Thursday, September 29, 2011

Seven years later...

Seven years ago I taught my first preschool class. A group of my peers, all with three-year-old children, started a home preschool. We were young. Bright-eyed. Eager. All first-time mommies. I think we opted for the official "Joy School" program designed by the Eyre's. I have fond memories of the experience, mostly because of dear friends.

But my memory of that time also holds a lot of unseen angst (unseen, that is, hopefully from my peers and co-preschool moms). At that time in my life, getting ready for preschool was a monumental chore. On a preschool morning when I was teaching, I stormed around the house, picking up, shoving clutter in closets, agonizing over the snack, organizing the craft supplies so that everything was exactly ready, wielding Madi's hair in perfect pigtail-buns, and stashing away Madi's "special" toys that I knew she wouldn't want to share. Stress comes to mind. Stress and ironically, not much joy.

By the time the children arrived, I glued a smile on my face. But inside I was exhausted from the self-imposed stress.

Seven years later (and half a world away)...I get a last shot at doing a preschool with my youngest child. This week I taught my first class.

On this last-first preschool morning, there was no sign of a storm. Not even a drizzle. I prepared the crafts at the last minute with stuff I had on hand (cotton ball clouds and puff ball catapillars as pictured below).


Toys littered the playroom. But hey, that's what a playroom is for, right? Snack was simple. And when the children arrived, I greeted them with a smile. Not glued on. I was actually happy to see them.

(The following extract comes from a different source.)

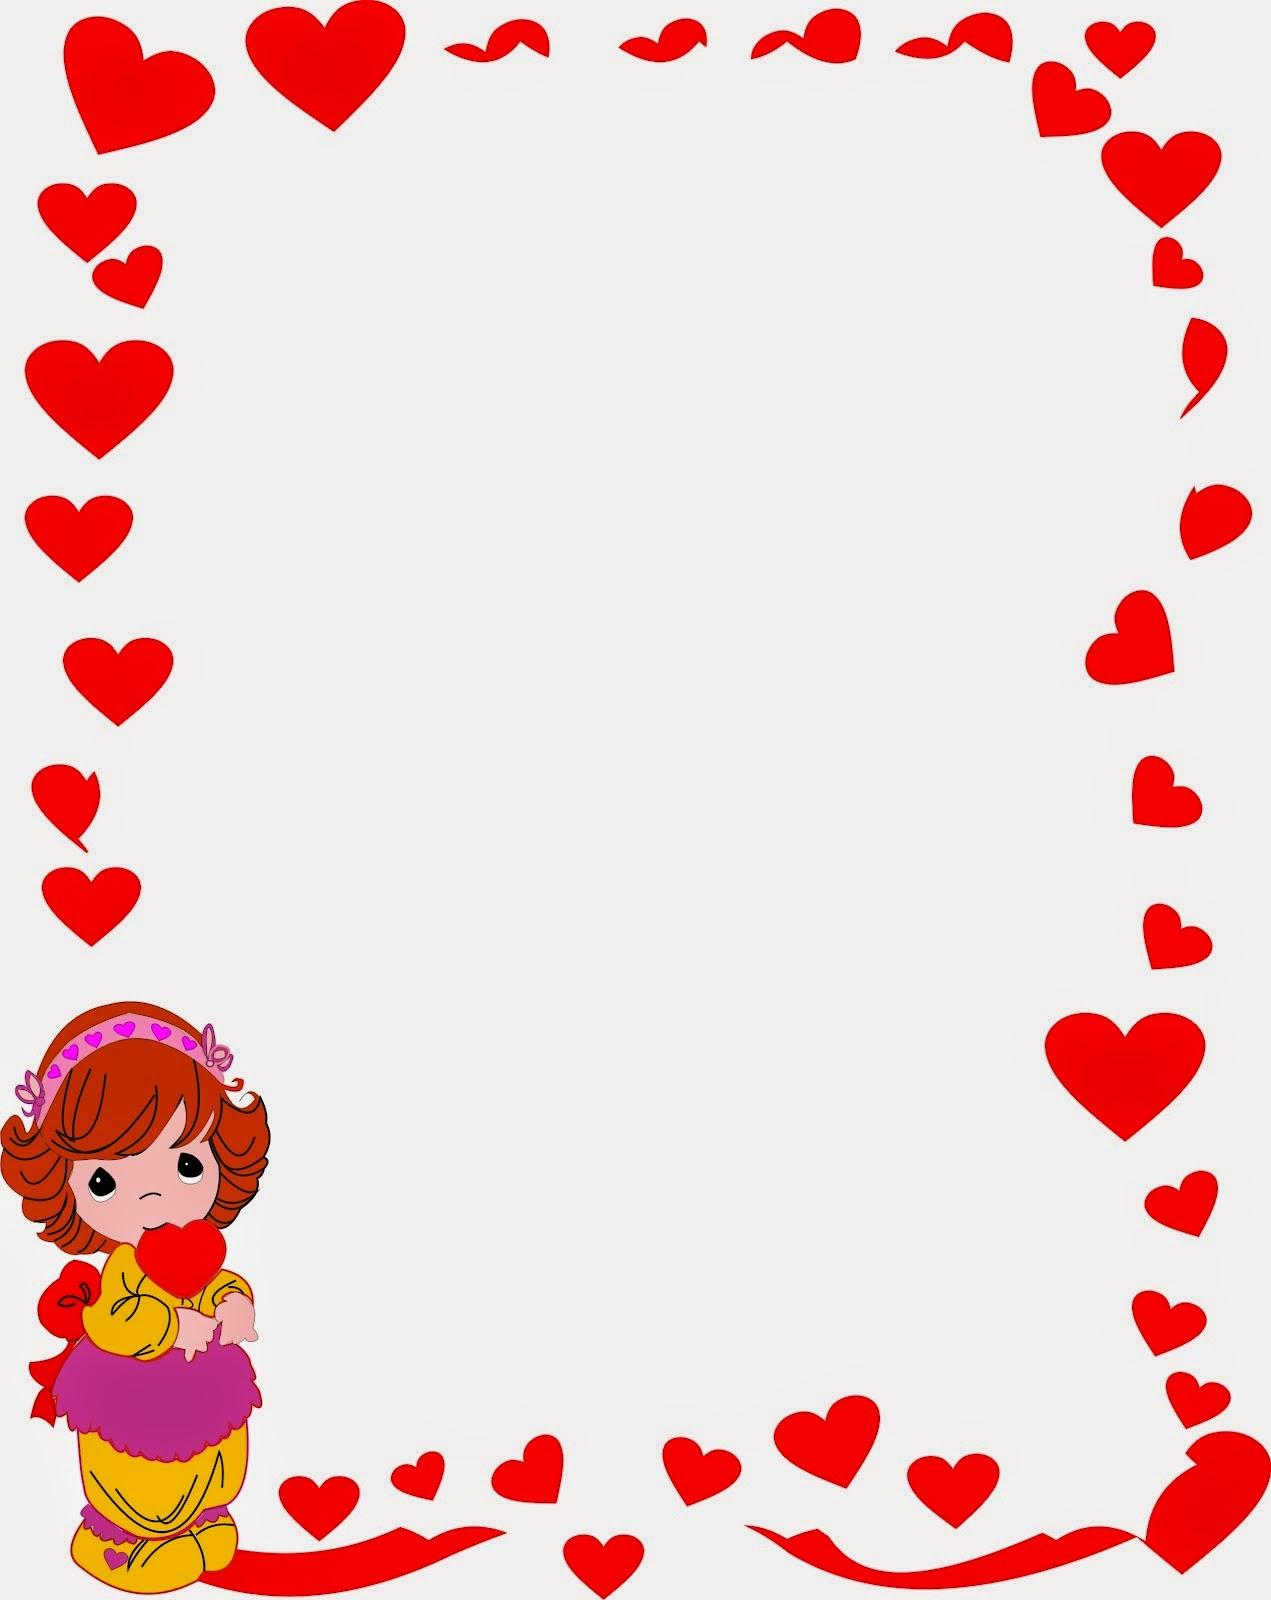 caratula para cuaderno marco de corazon

So why the change? I'm not sure. Maybe I could chalk it up to experience-I've since taught everything from preschool to college. Or maybe I've adapted to the chaos of my own five children - so a preschool with four three-year-olds is no big deal. It could be that I know this is my last child, and therefore, my last home preschool. Or maybe I've just learned to let go of the need for perfection over non-important things. Whatever the reason, the day was delightful.

As I read "The Quiet Cricket" to the four children sitting cross-legged on the rug, I felt a deep sense of joy. They asked me to read the spittle bug page again and again...I read it four times in a row and they belly laughed each time.

So this is what home preschool can be! Seven years later, I'm finally enjoying the experience.

1 comment:

  1. Love it! It's amazing what time and perspective can do! You know now that time is limited, so enjoy every moment! Love your stories, Holly!